Ingevolge het zesde lid, eerste volzin, kan het college, indien aan de in het vierde lid bedoelde voorwaarden is voldaan, onverminderd andere aan hem toekomende bevoegdheden, binnen de in dat lid genoemde termijn met betrekking tot het desbetreffende onderdeel van het vastgestelde bestemmingsplan aan de raad een aanwijzing als bedoeld in artikel 4.2, eerste lid, geven, ertoe strekkende dat dat onderdeel geen deel blijft uitmaken van het bestemmingsplan, zoals het is vastgesteld (hierna: reactieve aanwijzing). Ingevolge de vierde volzin vermeldt het college in de redengeving de aan het besluit ten grondslag liggende feiten, omstandigheden en overwegingen die de provincie beletten het betrokken provinciaal belang met inzet van andere aan hem toekomende bevoegdheden te beschermen.
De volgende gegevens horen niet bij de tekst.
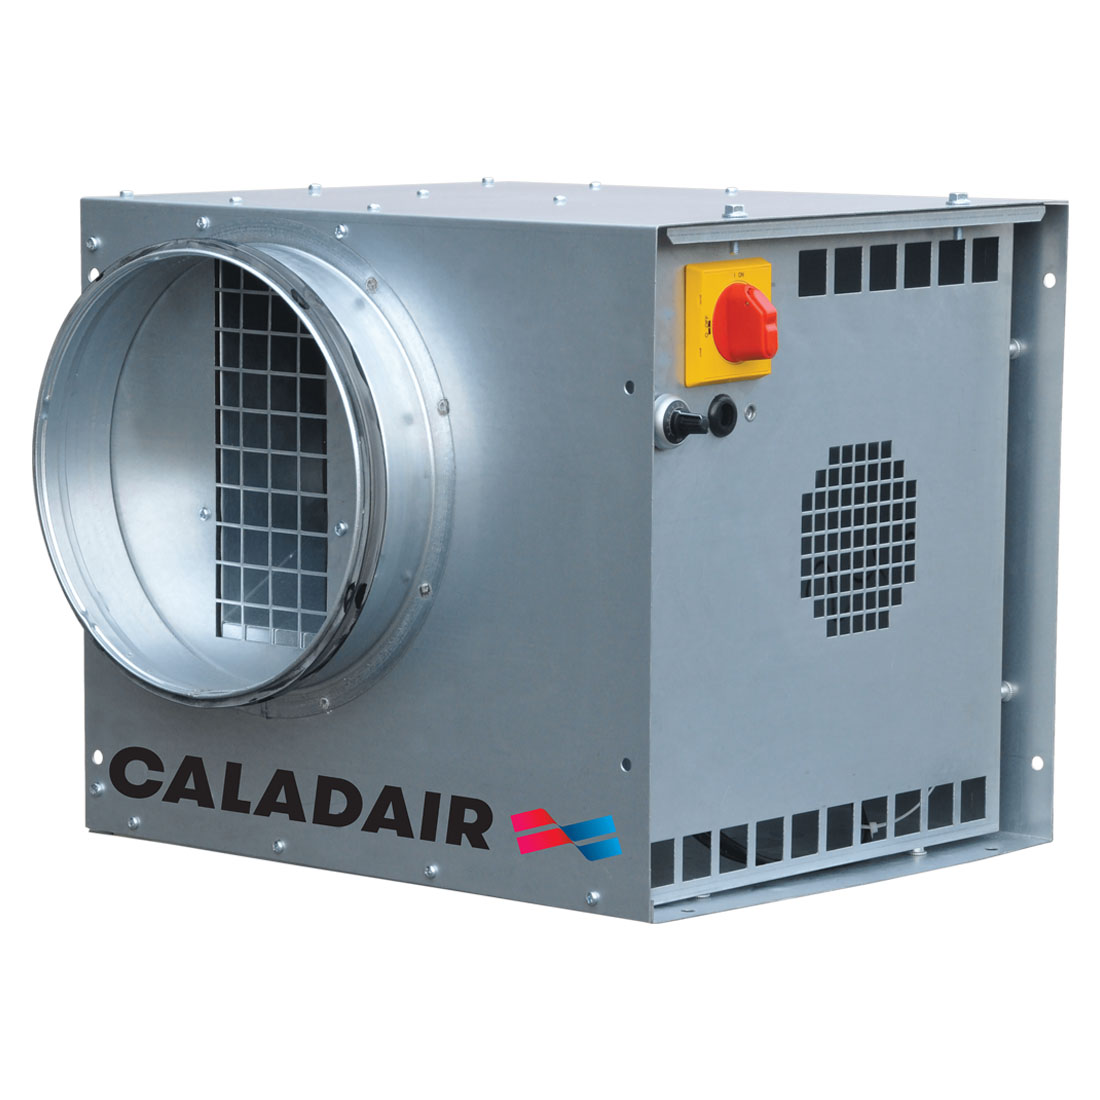 caladair-econizer-extract-box-fan-bpc-ventilation

Ingevolge artikel 4.2, eerste lid, kan, indien provinciale belangen dat met het oog op een goede ruimtelijke ordening noodzakelijk maken, het college aan de raad een aanwijzing geven om binnen een daarbij te bepalen termijn een bestemmingsplan vast te stellen overeenkomstig daarbij gegeven voorschriften omtrent de inhoud van dat bestemmingsplan.

Het verzoek van [verzoeker sub 2]

2.3. Bij het bestreden besluit heeft het college aan de raad een reactieve aanwijzing gegeven met betrekking tot het toekennen van de bestemming "Wonen" en alle daarbij behorende aanduidingen.

2.3.1. Ingevolge artikel 23, lid 23.2, onder 23.2.2, aanhef en onder f, van de planregels van het plan van 19 september 2011 geldt voor het bouwen van woningen dat de maximale inhoud van een woning niet meer dan 750 m3 mag bedragen.

2.3.2. Ingevolge artikel 4, lid 4.2, onder 4.2.2, aanhef en onder e, van de voorschriften van het voor het perceel van [verzoeker sub 2] geldende bestemmingsplan "Partiële herziening 2005 bestemmingsplannen Beerse Overlaat, Buitengebied Cuijck 1998 en Buitengebied Haps", geldt, voor zover hier van belang en samengevat weergegeven, voor gronden met de bestemming "Woondoeleinden" dat de inhoud van burgerwoningen niet meer mag bedragen dan 600 m3 en dat voor zover het een bestaande burgerwoning betreft die een inhoud heeft van meer dan 600 m3 deze mag worden gehandhaafd. Ingevolge artikel 29, lid 1, onder c, van de planvoorschriften van het eveneens voor het perceel van [verzoeker sub 2] geldende bestemmingsplan "Buitengebied Haps" kan, kort weergegeven, vrijstelling worden verleend van de voorgeschreven maatvoering voor bouwwerken, mits de afwijking beperkt blijft tot 10 procent van de in het plan genoemde maten.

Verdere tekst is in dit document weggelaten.